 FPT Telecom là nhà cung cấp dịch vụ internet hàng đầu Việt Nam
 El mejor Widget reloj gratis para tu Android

==

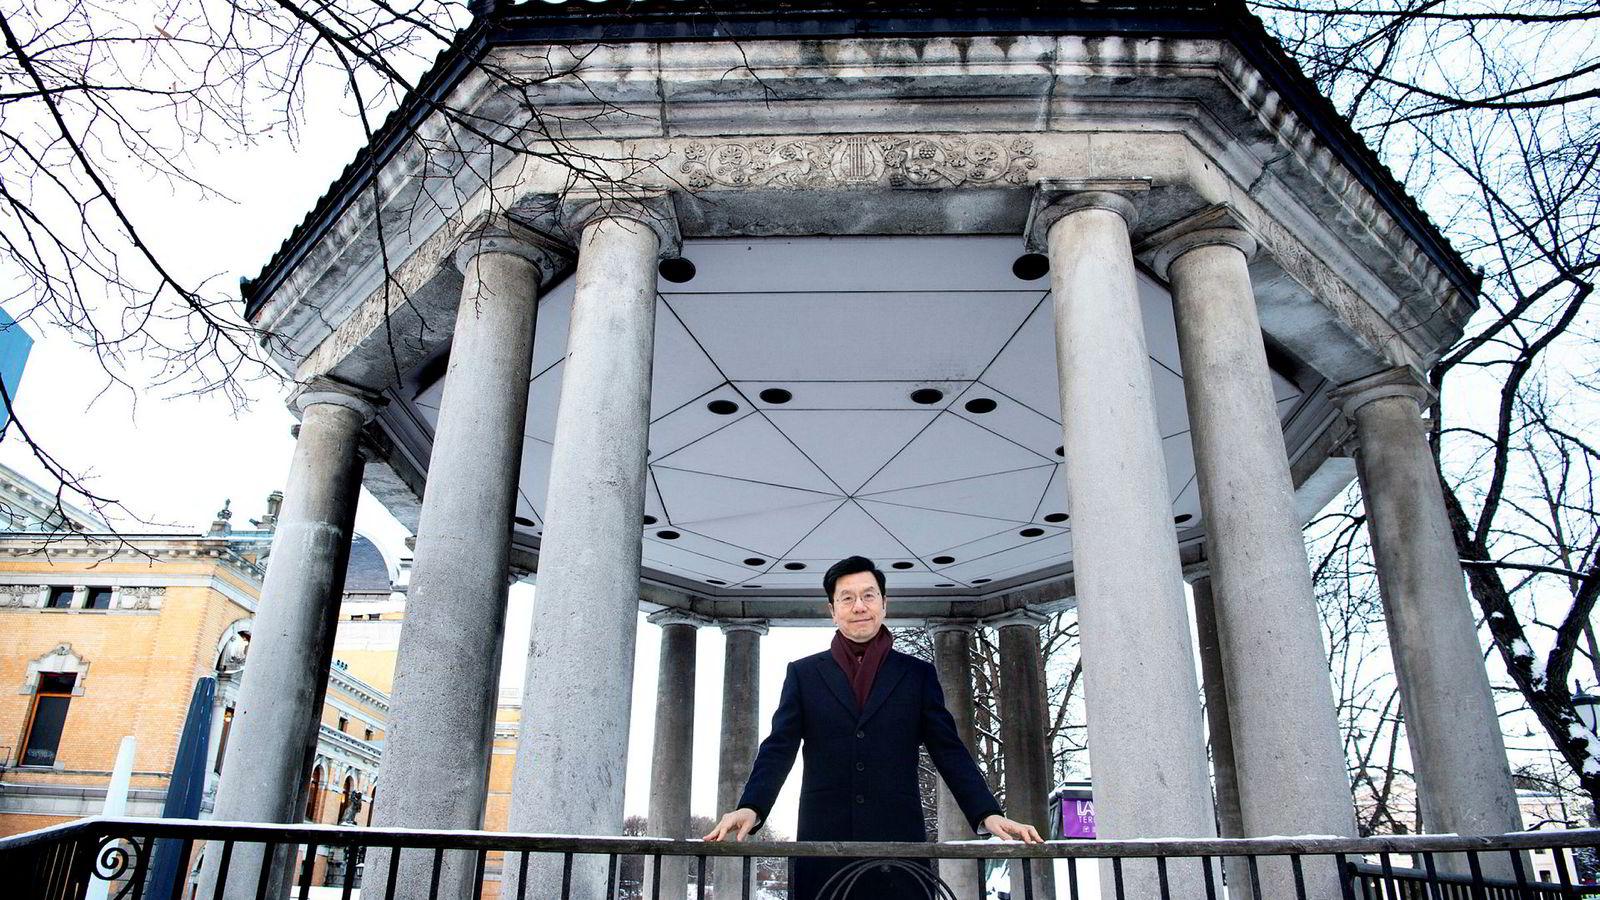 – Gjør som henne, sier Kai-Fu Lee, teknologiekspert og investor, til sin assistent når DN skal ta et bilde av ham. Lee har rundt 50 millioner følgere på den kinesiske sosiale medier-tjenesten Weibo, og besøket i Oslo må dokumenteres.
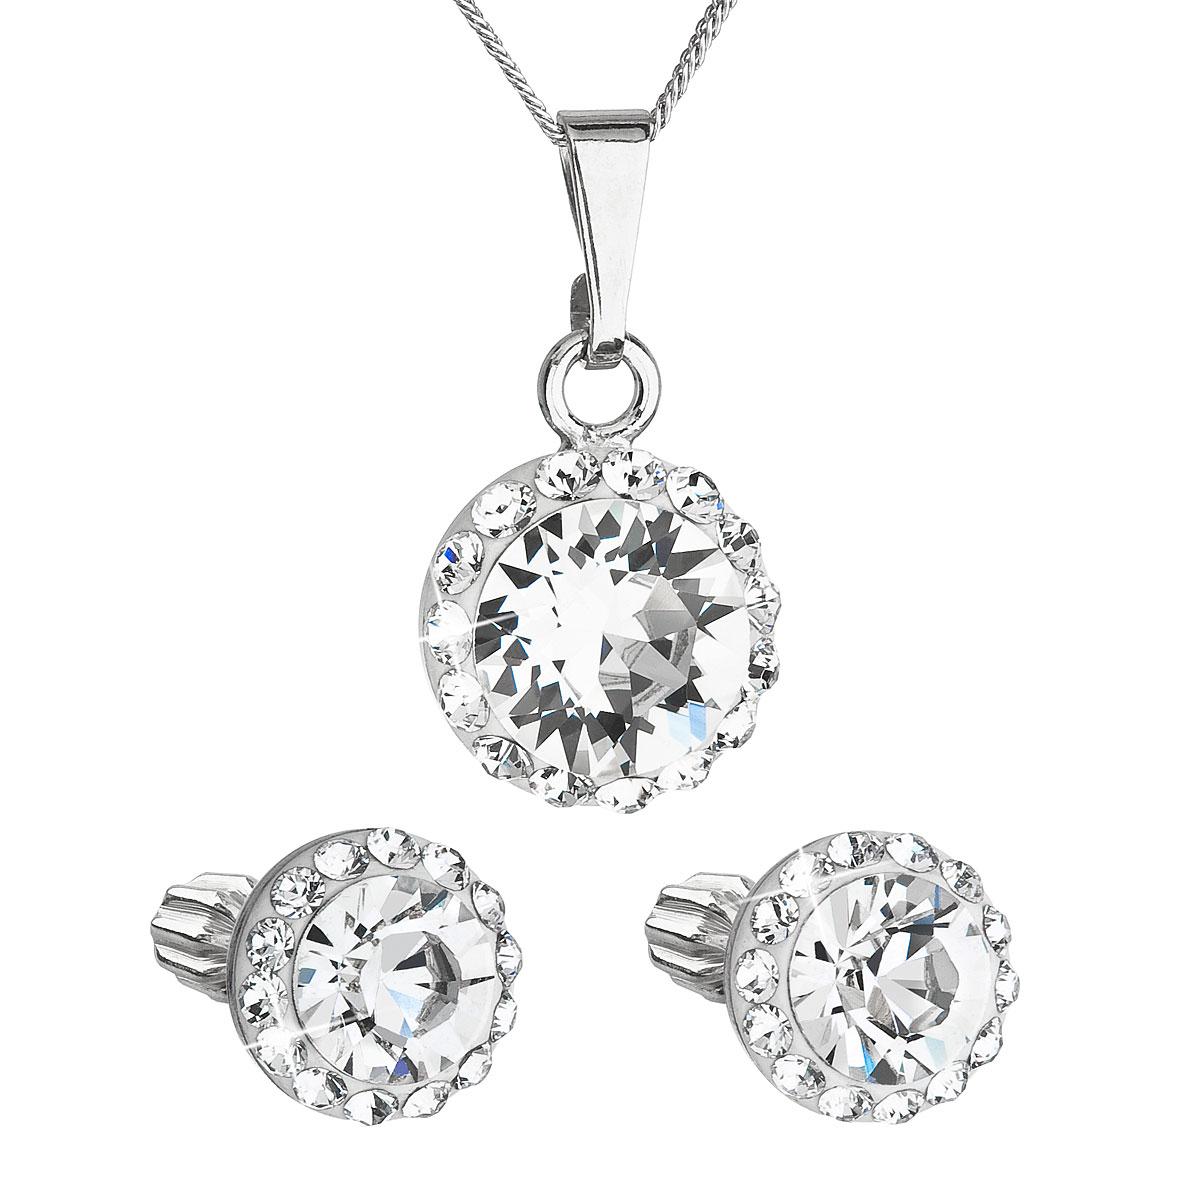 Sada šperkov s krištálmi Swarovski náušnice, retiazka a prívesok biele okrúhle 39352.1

**THE PROBLEM**
Print exactly the lines above that run from the one with "Oslo må dokumenteres." down to the one with "Sada šperkov s", and omit the pictures.

**THE COMPLETED TASK**
 – Gjør som henne, sier Kai-Fu Lee, teknologiekspert og investor, til sin assistent når DN skal ta et bilde av ham. Lee har rundt 50 millioner følgere på den kinesiske sosiale medier-tjenesten Weibo, og besøket i Oslo må dokumenteres.
 Sada šperkov s krištálmi Swarovski náušnice, retiazka a prívesok biele okrúhle 39352.1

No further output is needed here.